DeepBI’s judgment was not that reviews “didn’t matter,” but that:
- The page itself was not doing enough to counterbalance the weaker review base.
- The lack of detail, photos, and A+ meant buyers leaned heavily on reviews for trust—and found fewer signals.
By improving the Listing first, the brand gives itself a chance to:
- Capture more satisfied buyers.
- Encourage richer, scenario-based reviews.
- Gradually narrow the trust gap via social proof.
How the Page’s Sales Logic Started to Recover
After these changes, several key shifts became possible, even without inventing hard numbers:
- The Listing gained an independent conversion capacity instead of relying on ads to carry it.
- Buyers saw a consistent story:
- 100% Merino → premium, certified.
- Midweight → specific warmth level.
- Outdoor scenes → validated use cases.
- Bullets → resolved pains logically.
- Ad traffic became “worth paying for” because each click had a better chance to convert.

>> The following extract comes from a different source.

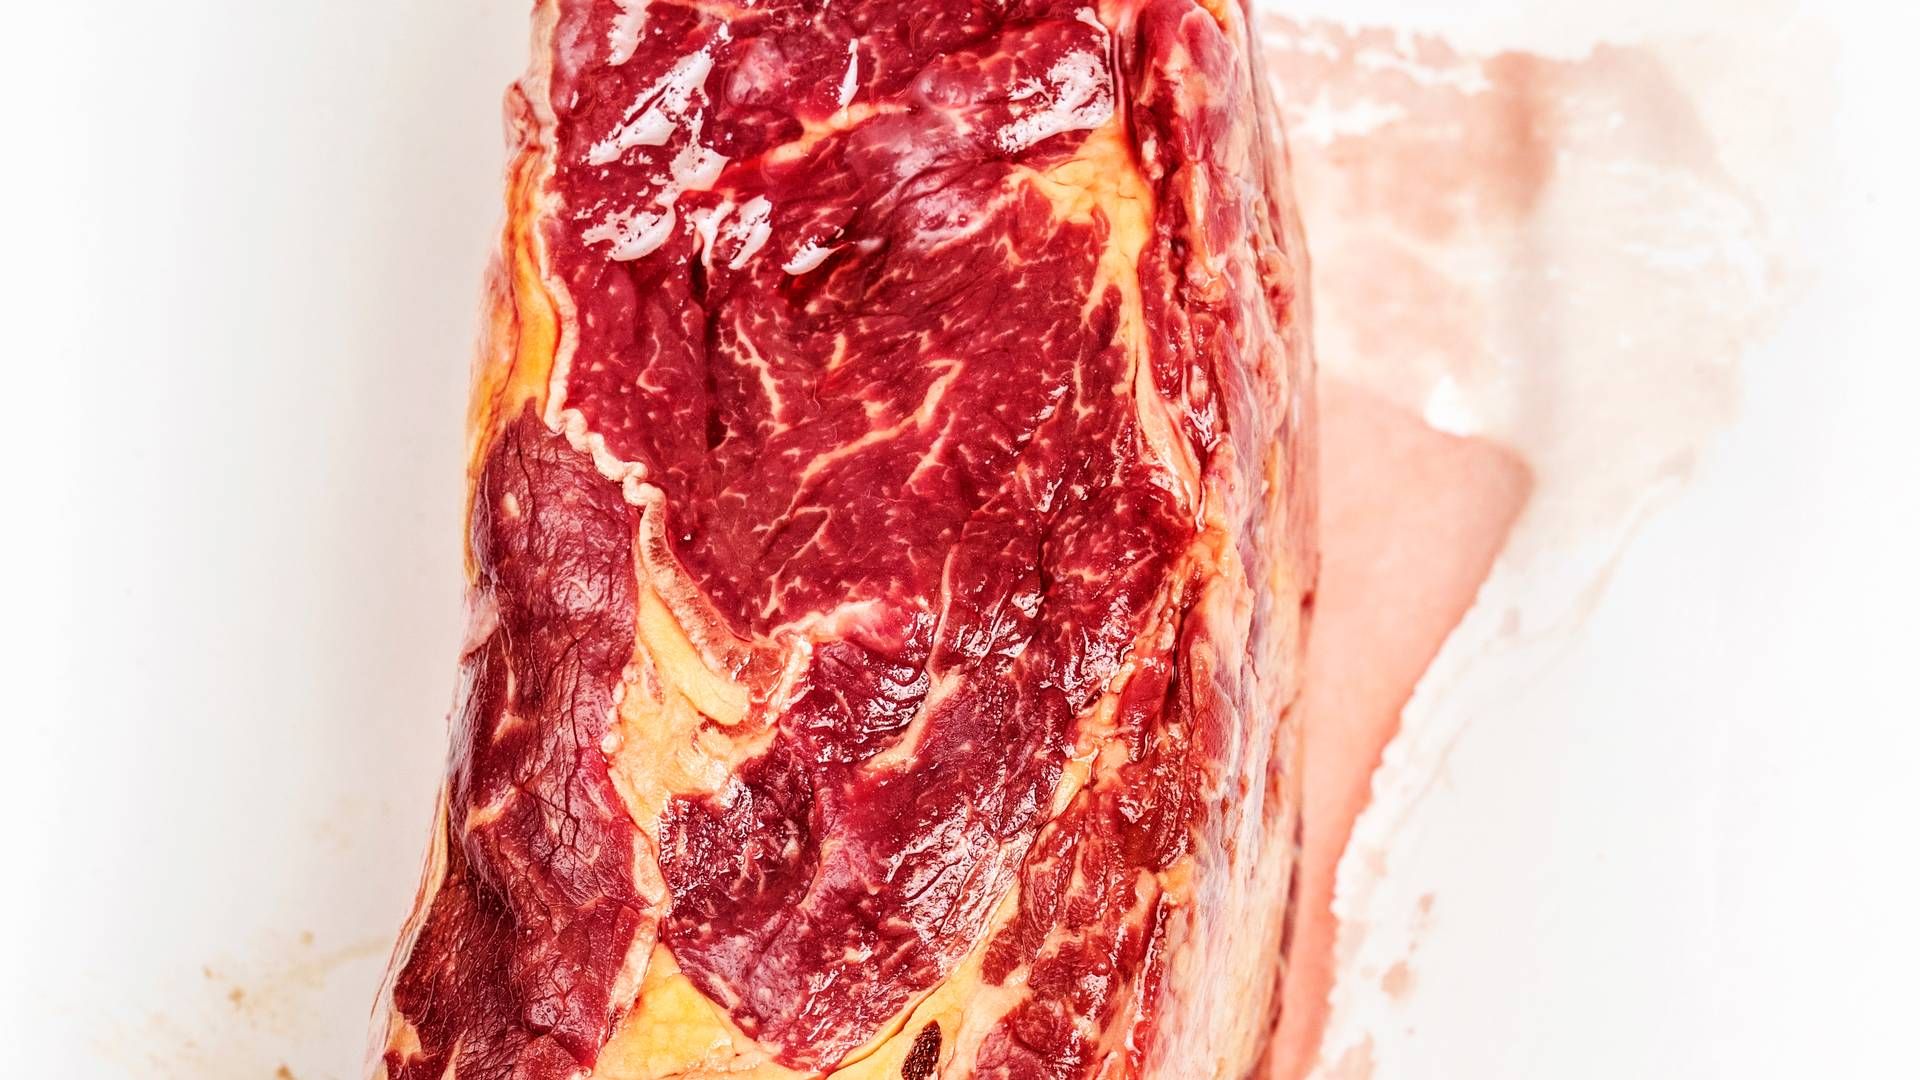 USDA vil nu undersøge, om tilberedning af kød dræber virussen. | Foto: Miriam Dalsgaard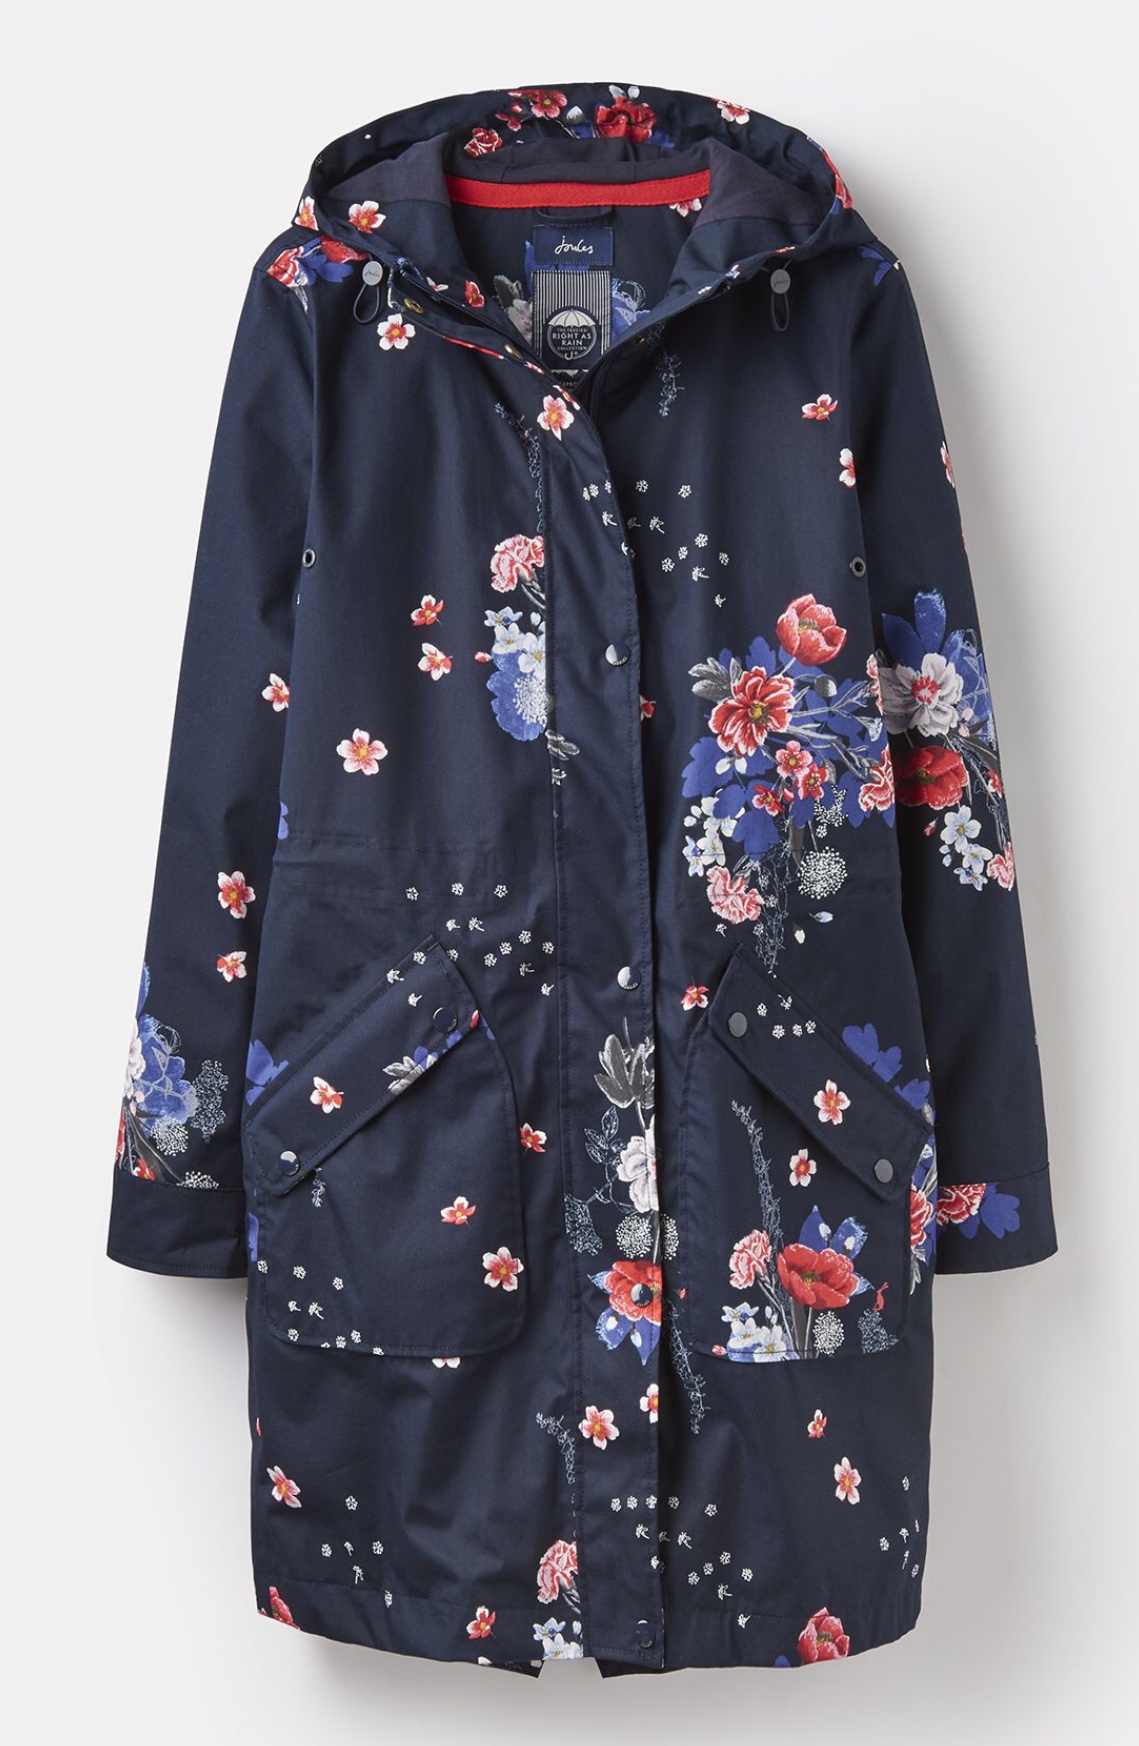 Joules Raine Waterproof Jacket - Navy Floral

- The brand’s dependence on “more budget” as the only growth lever began to decline.
Ad structure, keywords, and bids still matter—but only now, with a Listing that can actually convert the traffic being purchased.
What the Seller Learned—and What Other Amazon Sellers Can Take Away
The most important shift was conceptual, not cosmetic.
Before:
- High ACOS = ad problem.
- Improve ACOS = adjust bids, clean up campaigns, test more keywords.
- Listing = secondary; change when time permits.
After:
- High ACOS with weak Listing scores = conversion problem first.
- Improve ACOS sustainably = fix the product page’s ability to convert, then tune ads.
- Listing = the foundation of both organic and paid performance.
Key lessons other Amazon sellers can draw:
1. Do not let ads mask a weak Listing. If your A+ is empty and bullets read like raw specs, you are leaving conversion on the table.
2. Title, main images, bullets, and A+ must function as one system, not four independent elements.
3. Ads amplify page logic, not replace it. A weak page makes even good ad traffic feel “expensive.”
4. Before “pushing budget,” ask: Does this Listing deserve more traffic?
DeepBI’s role in this case was not to provide another tool, but to force the right judgment: the constraint was Listing conversion, not ad settings. Once that was accepted, the path to a healthier Amazon business became clearer—and each advertising dollar finally started working in a more controlled, predictable way.